6. The recording device you currently have selected on the Audio I/O tab of Preferences only has one input source, and so there is no choice that can be made. Many USB and Firewire Input/Output devices fall into this category.
So, any other applications using the sound device must be disabled. Or if you are using the OSS device and aRts, you can use the wrapper provided by aRts and run $ artsdsp audacity (some users report recording issues when doing so).
If you use OSS, you need to check that /dev/dsp (the OSS device) is present. If you use ALSA, you need to get the OSS emulation for ALSA installed, unless you are using Audacity 1.3.2 which supports ALSA natively. You can launch Audacity from the command line as
$ aoss audacity
which will load OSS emulation modules for ALSA if you have them installed.
On many distributions you need to add your user to the "audio" group so they have permissions to access the sound devices.
Updating the Sound Device Drivers
If your problem is not yet resolved, the sound drivers must be updated to the current version for your computer model produced by the card or motherboard manufacturer. For example, you can use Device Manager on Windows or System Profiler on a Mac to find information on your sound device drivers, then seek updated ones specific to your hardware from the internet. If you have a PCI or external soundcard you would go to the website of the soundcard manufacturer. If your sound is integrated into the motherboard, you'd try first at the website of the stated manufacturer of the sound device. Some device manufacturers such as Sigmatel and Soundmax however do not provide any support to end users, so in that case you would go to the website of the motherboard manufacturer. Use Google or Yahoo to search for the manufacturer's website.
- Extra help for Windows users
Windows users are strongly recommended to try updating their drivers via Device Manager in the first instance, before looking for drivers on the internet. To access Device Manager on Vista with its default view: click Start > Control Panel > System and Maintenance, then scroll down and click on Device Manager. With Vista "Classic View", there is a direct link to Device Manager in the Control Panel. On XP and earlier, click Start > (Settings) > Control Panel > System, click on the Hardware tab, then on the "Device Manager" button on the Device Manager panel.

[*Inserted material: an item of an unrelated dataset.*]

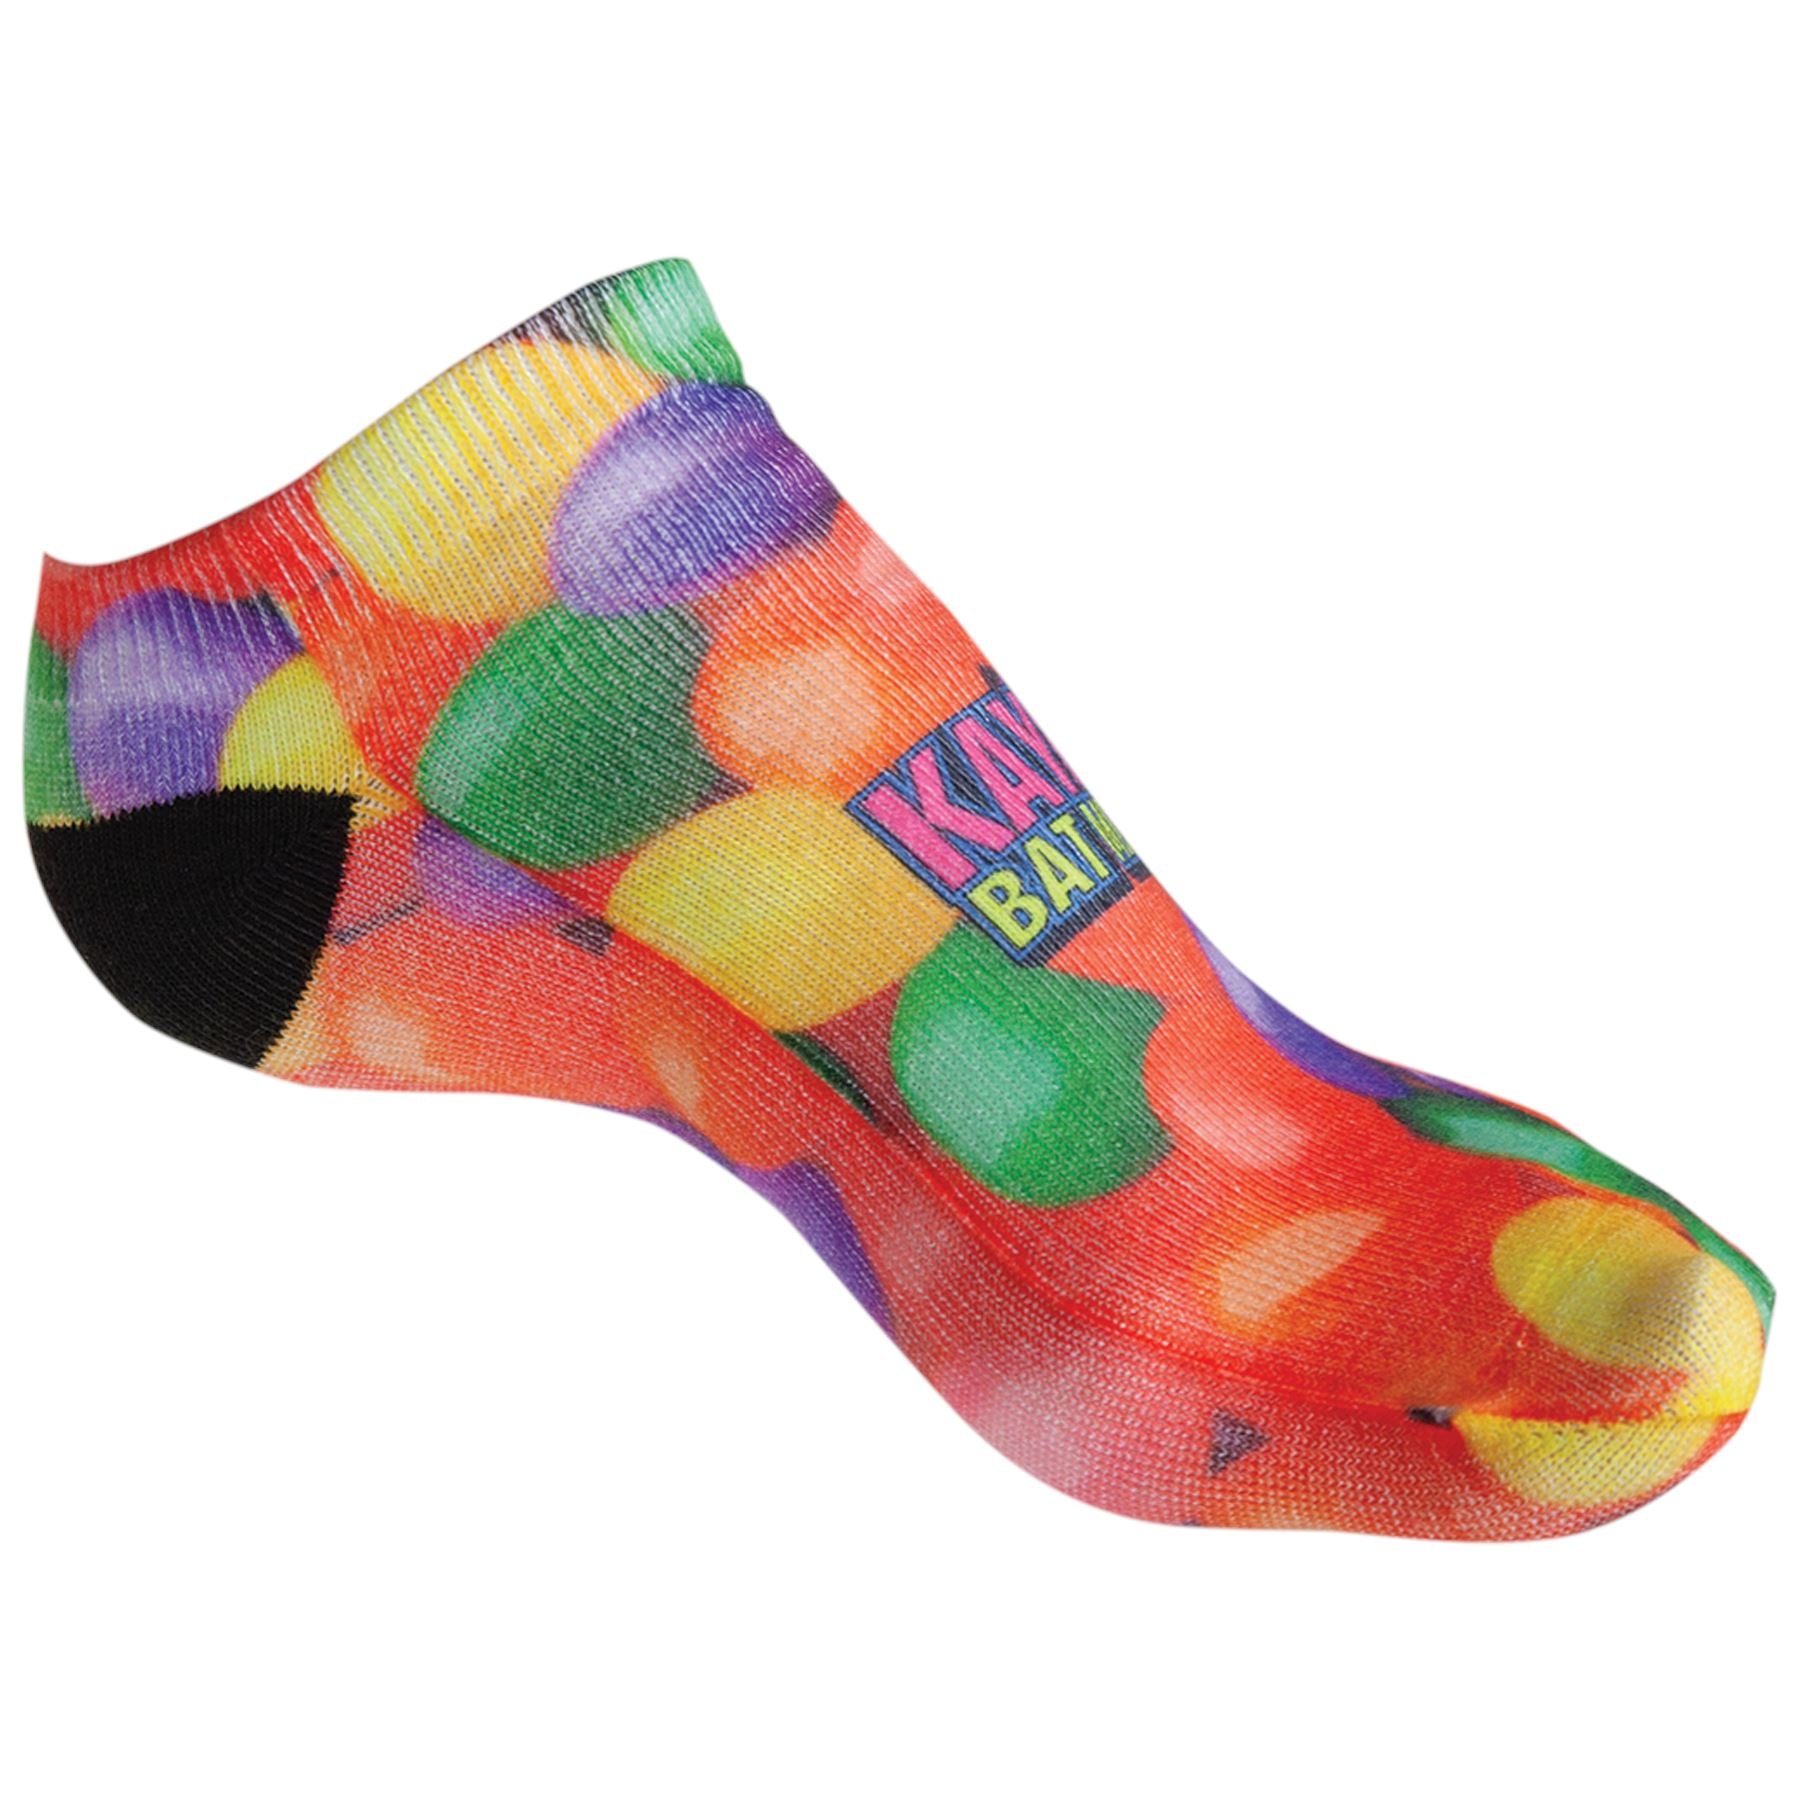 Unisex Adult No Show Socks (1 Pair), Full Color Dye Sub Socks Craftworks NW 
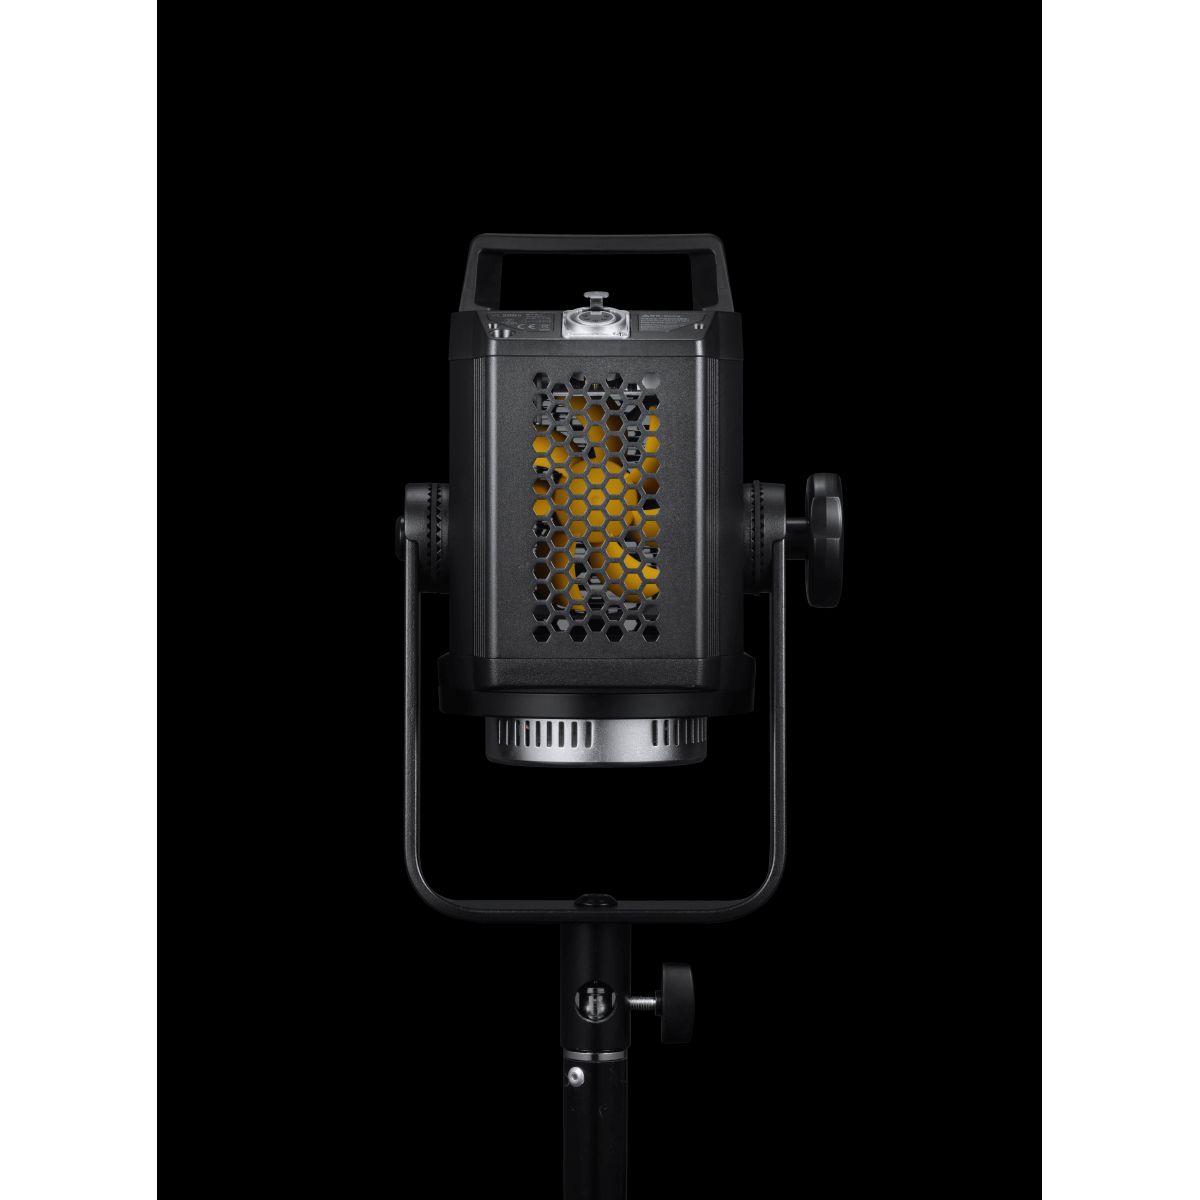 Godox VL 150 II LED Leuchte

Then expand "Sound, Video and Game Controllers" by clicking on the + sign, right-click on the sound device and click "update driver".
After the update (even if more recent drivers cannot be found), right-click on the device again, click Properties and then on the Driver tab to check who the current "Driver Provider" is. You don't want drivers from Microsoft - these are only low quality generic drivers, and must be replaced with drivers made by the manufacturer of your hardware. If Device Manager has updated the drivers and the Driver Provider is not Microsoft, you could see if the new drivers cure the problem. Otherwise, note the name of the Driver Provider (if it's Microsoft, note the name instead of the sound device you right-clicked over), and visit the manufacturer's website. If you have integrated motherboard sound and the Driver Provider or stated manufacturer does not offer downloads, go to the site of the motherboard manufacturer for assistance. Most will offer driver downloads. In this case you may need to know details of your motherboard. If you don't have details to hand, the CPU-Z utility should help. Always look for a driver update which is specific to your computer model and version of Windows. If you are on Windows Vista, it's essential that the drivers are specifically intended for Vista.